Nathan Barlow as the title character
Nathan Barlow as the title character in "Marcus; or the secret of sweet" being performed by the Pillsbury House Theatre in the Guthrie's Dowling Studio.
Travis Anderson / Courtesy Pills

By a storm-lashed bayou, two menacing figures lurch toward each other in the rain.

As thunder and lightning send a torrent of sound and light down upon them, they appear ready fight. Then the men grab each other — but they are hugging, not wrestling.

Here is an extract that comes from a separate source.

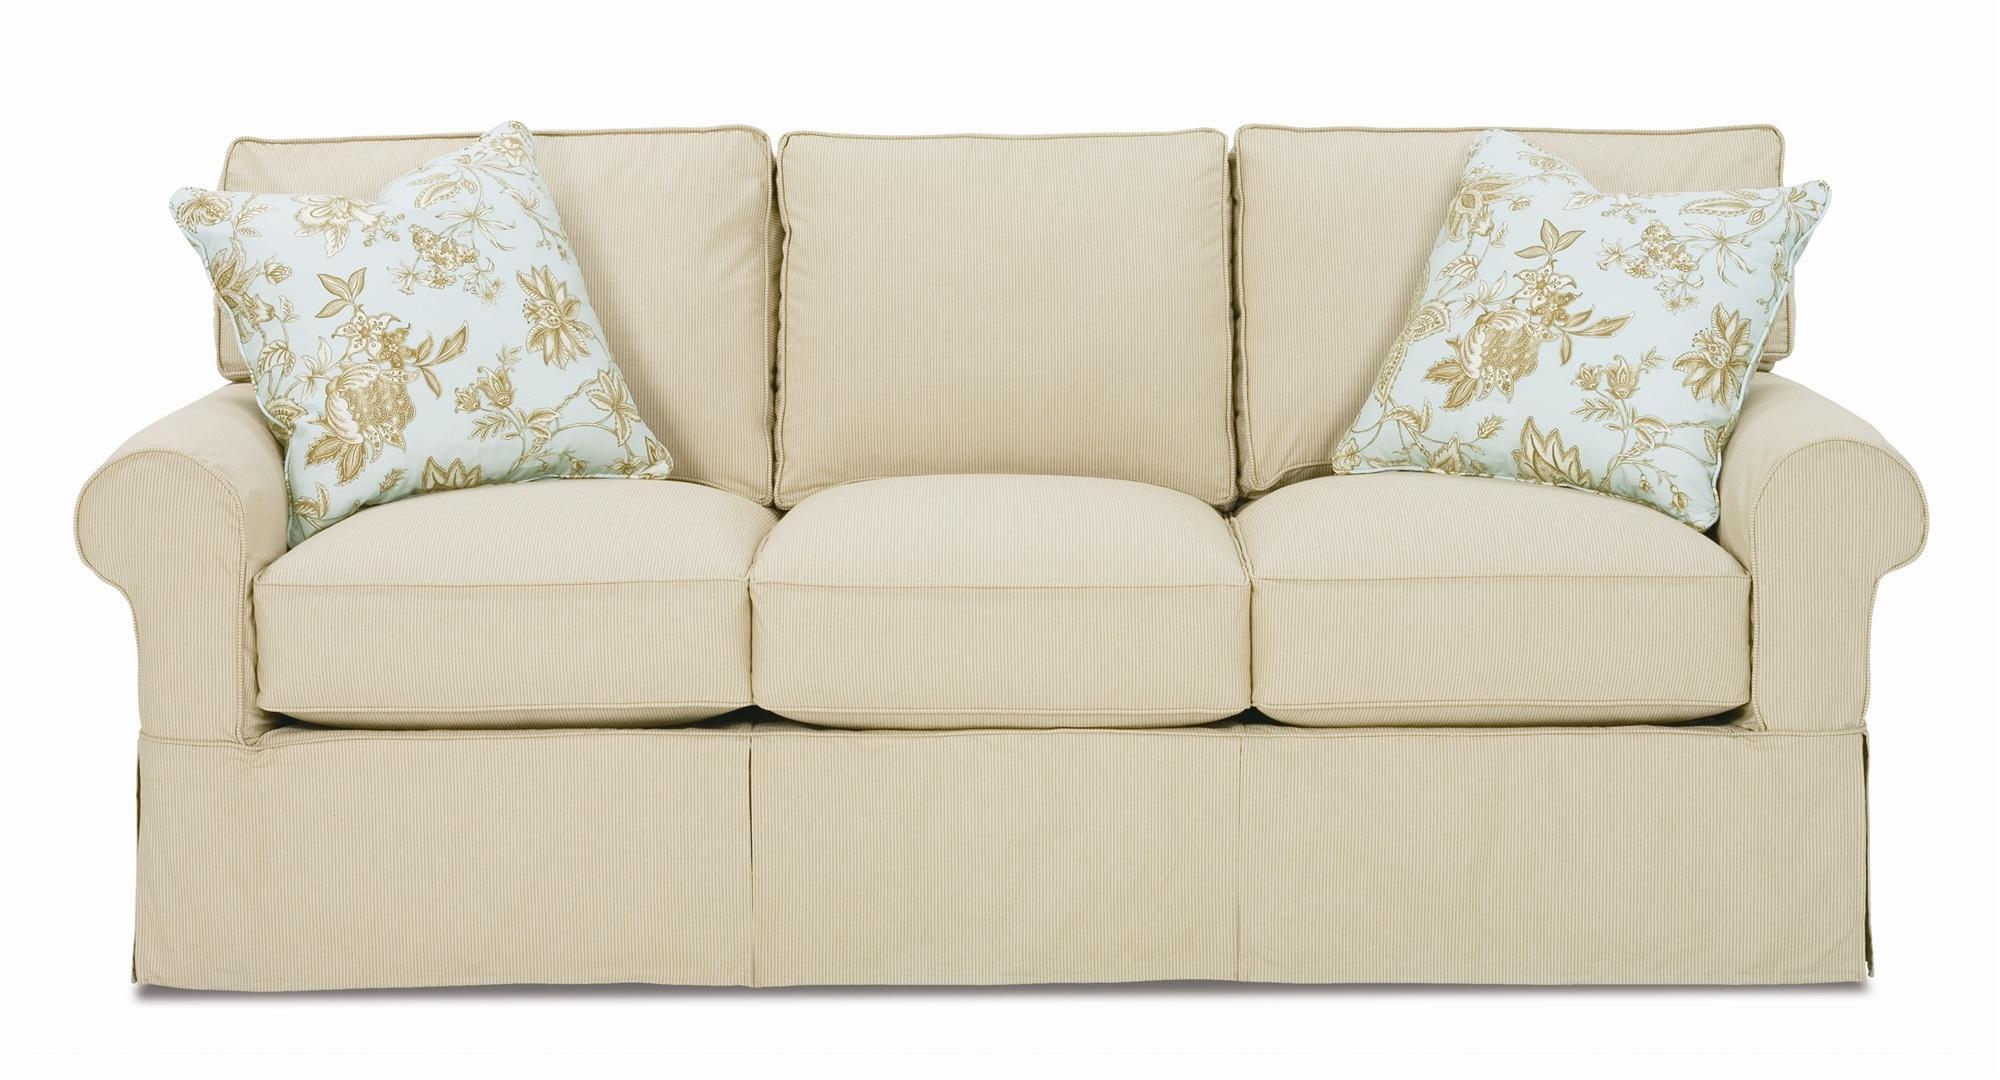 sofa slipcovers three cushions miami 20 best for 3 cushion sofas ideas
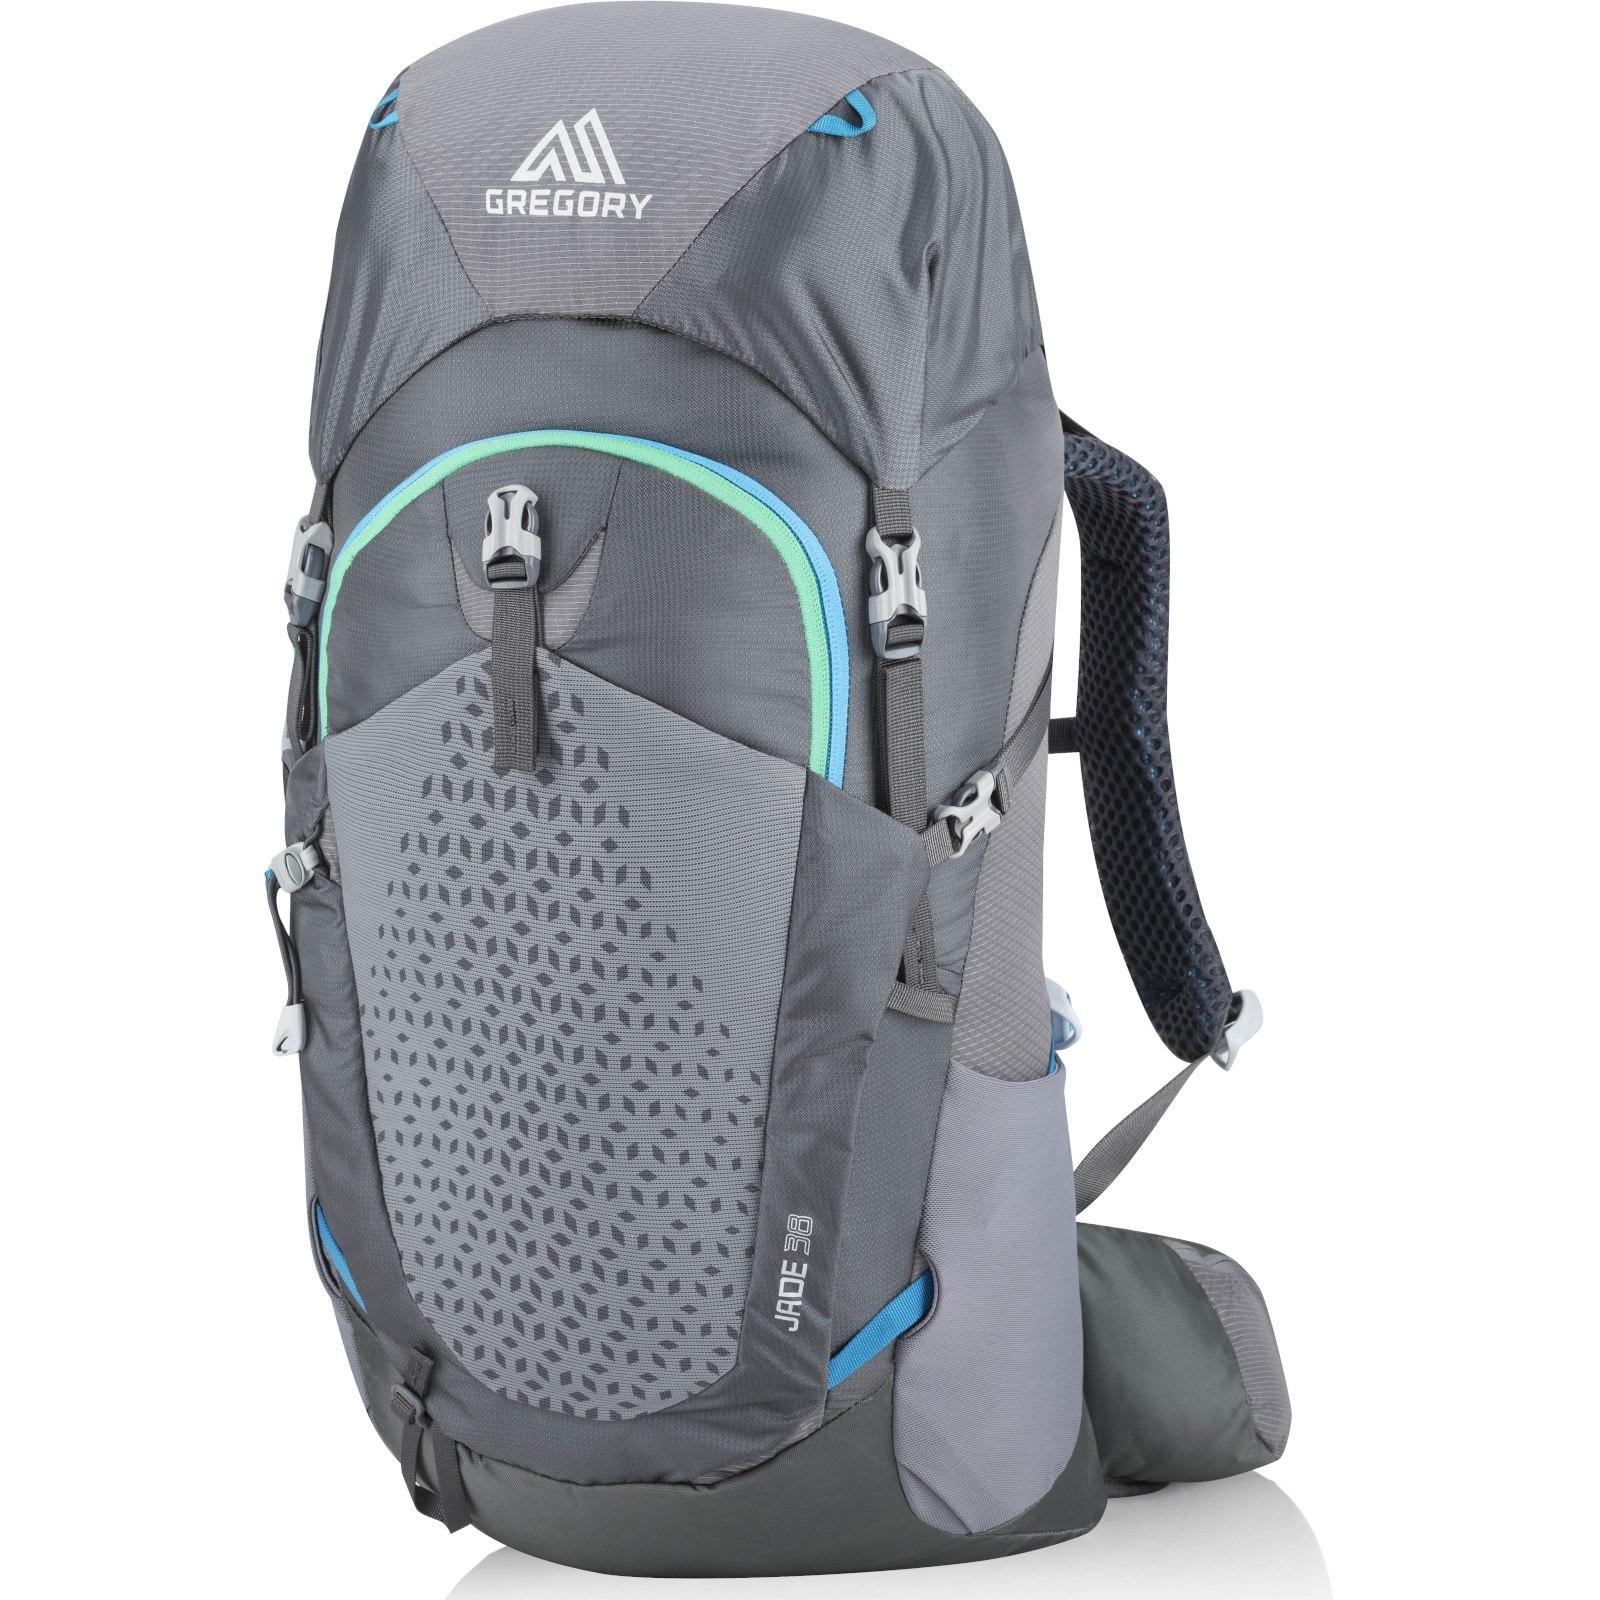 Gregory Jade 38 Woman's Backpack - Ethereal Grey

As Marcus Eshu awakes from a cryptic dream, he begins asking everyone what it means. He's had the same dream over and over again. Most people who he asks in his small town quickly change the subject. But his friend Shaunta Iyun finally tells him she thinks he is struggling with the idea he is probably gay.

"Marcus; or the secret of sweet," is a complex exploration of coming of age and sexuality in the African-American community. It's also an exploration of the good and bad of small town life, where everyone knows — or thinks they know — everyone else. The new production, written by playwright Tarell Alvin McCraney, tells the story of a young man wrestling with his identity as he comes of age in a small town in the Louisiana bayou.

"Marcus" is the last play in McCraney's "Brother/Sister" trilogy, all set in his hometown of San Pere, La. The Pillsbury House Theatre and The Mount Curve Company production opens this weekend at the Guthrie Theatre in Minneapolis.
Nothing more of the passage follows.